We are very happy with this setup. Whenever we need to start a new server, it only takes minutes to spin up a new VM instance with whatever CPU and memory configuration we need. If a server crashes, all VMs will automatically migrate to another server. OpenNebula makes it really easy to start new VMs, change their configurations, manage their lifecycle and even completely manage your networks and IP address pools. It just works!

StorPool on the other hand takes care that we have all the needed IOPS at our disposal whenever we need them.

We are using Graphite + Grafana to plot some really nice graphs for our cluster.

 

We have borrowed the solution from here. That’s what’s so great about open software!

StorPool is also using Grafana for their performance monitoring and they have also provided us with access to it, so we can get insights about what the storage is doing at the moment, which VMs are the biggest consumers, etc. This way we can always know when a VM has gone rogue and is stealing our precious IOPS.

 

The Black Mirror

I have mentioned a backup datacenter couple of times in this post.
Not all of our servers were good candidates for becoming hypervisors. For example some of them were not compatible with Ivy Bridge CPUs, some were thicker 2U (rack units) servers and we really wanted to have only 1U hypervisors to save rack space. Also servers are usually optimized for storage and we still had plenty of 2TB drives lying around after the migration. So we quickly put them to work!
In the basement of our office building, we have rented a room, equipped it with air conditioning and a big UPS and moved the less fortunate servers there.
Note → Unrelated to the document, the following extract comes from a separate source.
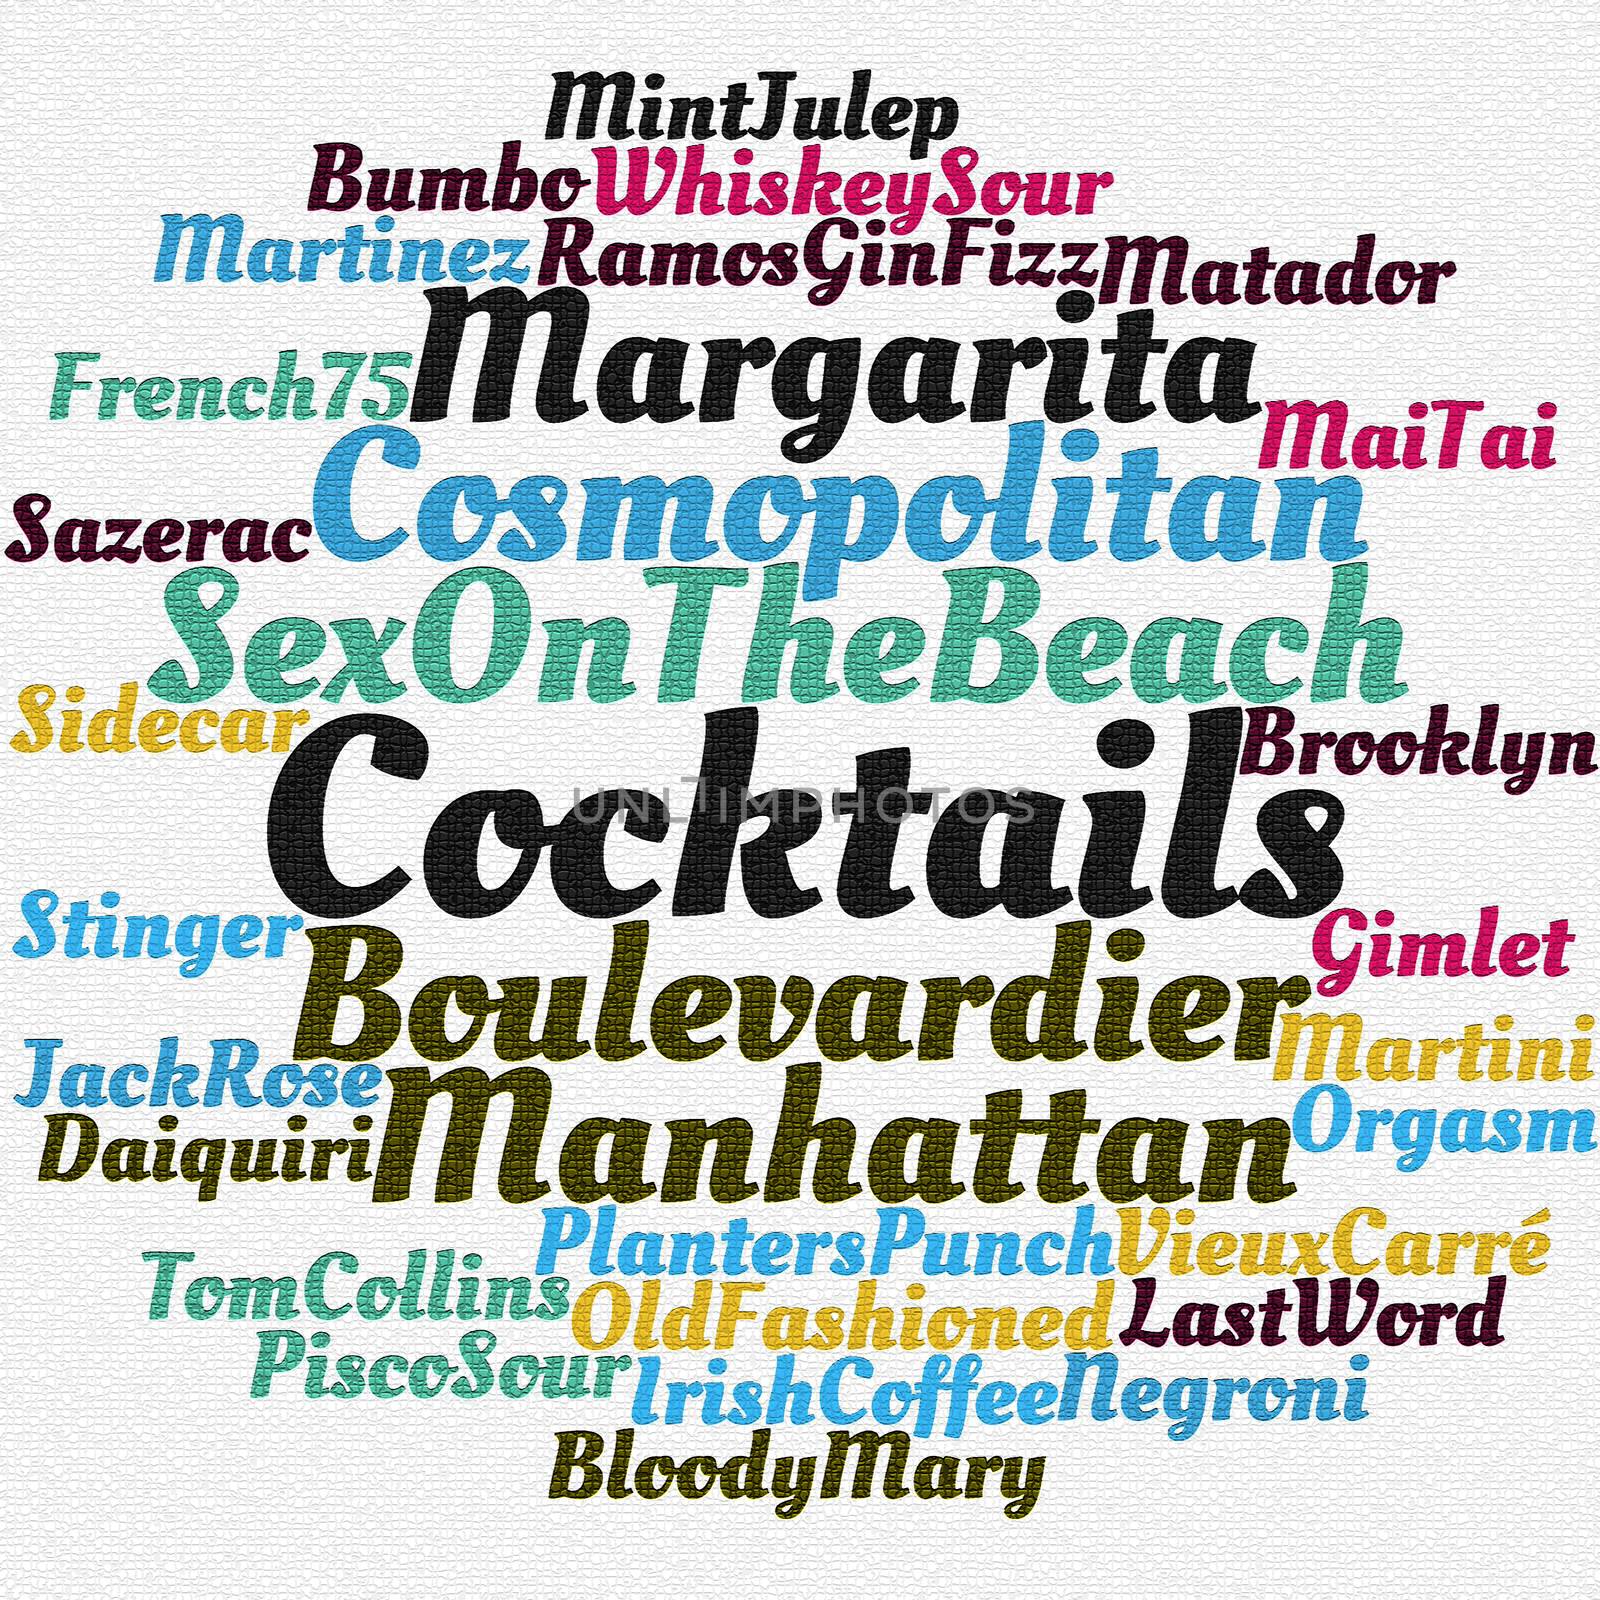 Most popular cocktails word cloud by eenevski

Here we now have one backup server with 20TB of storage for our daily VM snapshots and database backups, 3 nodes forming a 32TB Ceph cluster for operational storage and 4 hypervisors for a second, independent OpenNebula cluster from our main one and some other lower-priority servers.

The idea is to have a fully working copy of our main datacenter that can be used in case of an emergency situation. It is intended to be a mirror for black days, so – Black Mirror. We now have all our data replicated in real time from our main data center so even in the highly unlikely event that some disaster happens there, we will still have everything off-site and we will be able to restore operations within less than an hour.

The reason we chose Ceph as a storage here is partially because we didn’t need the performance of our main datacenter, but also because we are tech nerds and we like to learn technologies, so this was the perfect opportunity.

For the geeks interested in Ceph: Each of the nodes is equipped with 2 independent MegaRaid SAS 9271-4I controllers with 1G cache modules + BBU, each controlling 4 drives. 8 drives per node (2 for OS, 6 for Ceph). Drives are exported as single-disk RAID-0’s because we wanted to use the controller caches as much as possible. This is usually a very expensive setup, but we had those controllers lying around after the main project was completed and we wanted to put them to work. We are open for suggestions here, especially JBOD vs RAID, so if you are feeling geeky, tell us what you think in the comments below.

OpenNebula works quite well with Ceph. It has a built-in support for Ceph datastores and the setup is quite straightforward and well documented, so I’m not going to repeat it here.

We have managed to plot some nice Ceph and OpenNebula dashboards in our Grafana too.

 

 

What’s left?

We still have some connectivity issues from time to time, because we still use a single Internet provider in both DCs, even though we have acquired our own autonomous system back in 2016 – AS49663. We never found time to actually implement it. We will try to do that in the coming months to become more independent in terms of our Internet connectivity too.

 

Epilog

If you made it this far – Congratulations! You have geeked out as much as we did building this infrastructure. If you have ever doubted the future of Inoreader or our company, don’t do that anymore! We are here to stay and by upgrading our infrastructure with the latest and greatest technologies like OpenNebula and StorPool we are making sure that you will receive the best possible service with ultra-high performance and zero-downtime in years to come.